Can I put faced or non-faced insulation over blown? Can I put blown insulation over batts?.
What are bays barriers?. I didn't think you could put faced batts over another faced batt?
21boat
Dec 28, 2008, 08:47 AM
Non face over blown No! Vapor barrier in between ANY insulation to trap mostiure in the insul
[B]Signed 21 boat[/B
If I answered your question please rate this answer
wilsonfrench
Dec 28, 2008, 12:31 PM
Non face over blown No! vapor barrier in between ANY insulation to trap mostiure in the insul
[B]Signed 21 boat[/B
If I answered your question please rate this answer
... but can I lay batt insulation (the non-faced kind) over blown insulation?. or do I just blown insulation ontop of blown insulation? Thanks
wilsonfrench
Dec 28, 2008, 12:35 PM
No you do not need a vapor barrier. The moisture will escape as it was explained to you. You do need to use the exhaust fan when showering. A vapor barrier would keep the moisture from escaping and could create a mold situation.

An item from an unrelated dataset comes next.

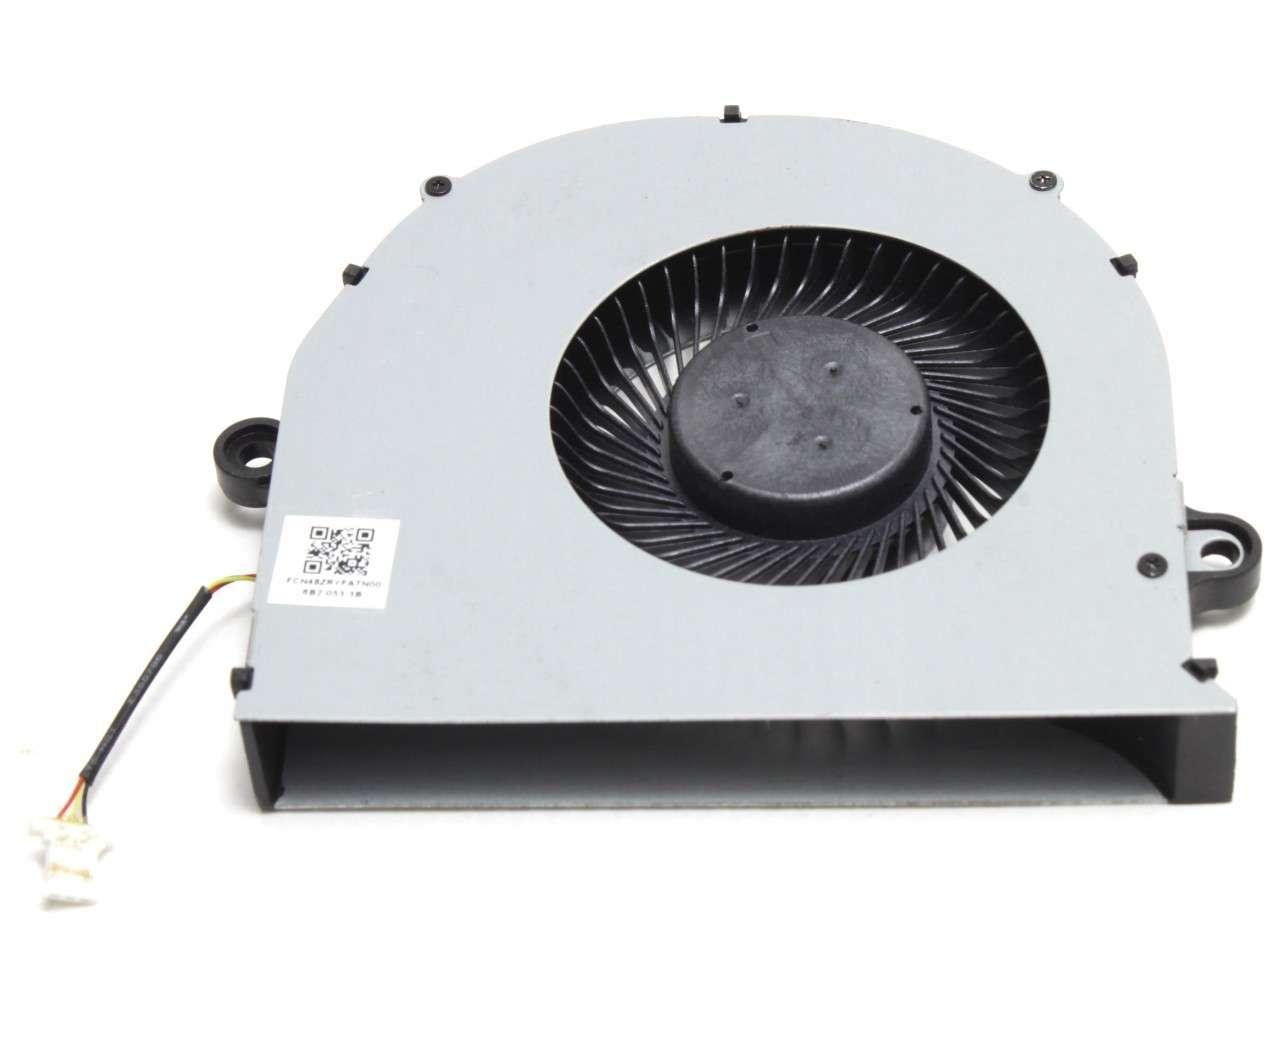 Cooler laptop Acer Aspire E5-475 12mm grosime imagine powerlaptop.ro 2021

I seem to be getting two distinct ways of doing this...
Vaopur barrier?
Or
No vapour barrier...
Even Home Depot is at odds... one person says to allow moisture to escape and vented up through attic through vents out the atmosphere...
Other HD reps say "no"... "you must not allow moisture into the attic, because it could condense, frost your wood, etc"...
Thanks, by the way, to all who have provided support.
21boat
Dec 28, 2008, 01:08 PM
Yes just fold out the flap in the VB and staple it or if its too hard to stable just snug it.
Wilsonfrench I'm a builder since 1979 and still a contractor. Just use the word VAPOR/MOISTURE NOT trapped INSIDE the INSUL for mold.
That what upsets me with HD. What throws everybody off is when to use unfaced and faced I pretty sure its even says on the rolls "we never look at it I already know"
Signed 21 boat
If I answered your question please rate my answer(s)
wilsonfrench
Dec 28, 2008, 11:42 PM
yes just fold out the flap in the VB and staple it or if its too hard to stable just snug it.
Wilsonfrench I'm a builder since 1979 and still a contractor. Just use the word VAPOR/MOISTURE NOT trapped INSIDE the INSUL for mold.
That what upsets me with HD. What throws everybody off is when to use unfaced and faced I pretty sure its even says on the rolls "we never look at it I already know"
Signed 21 boat
If I answered your question please rate my answer(s)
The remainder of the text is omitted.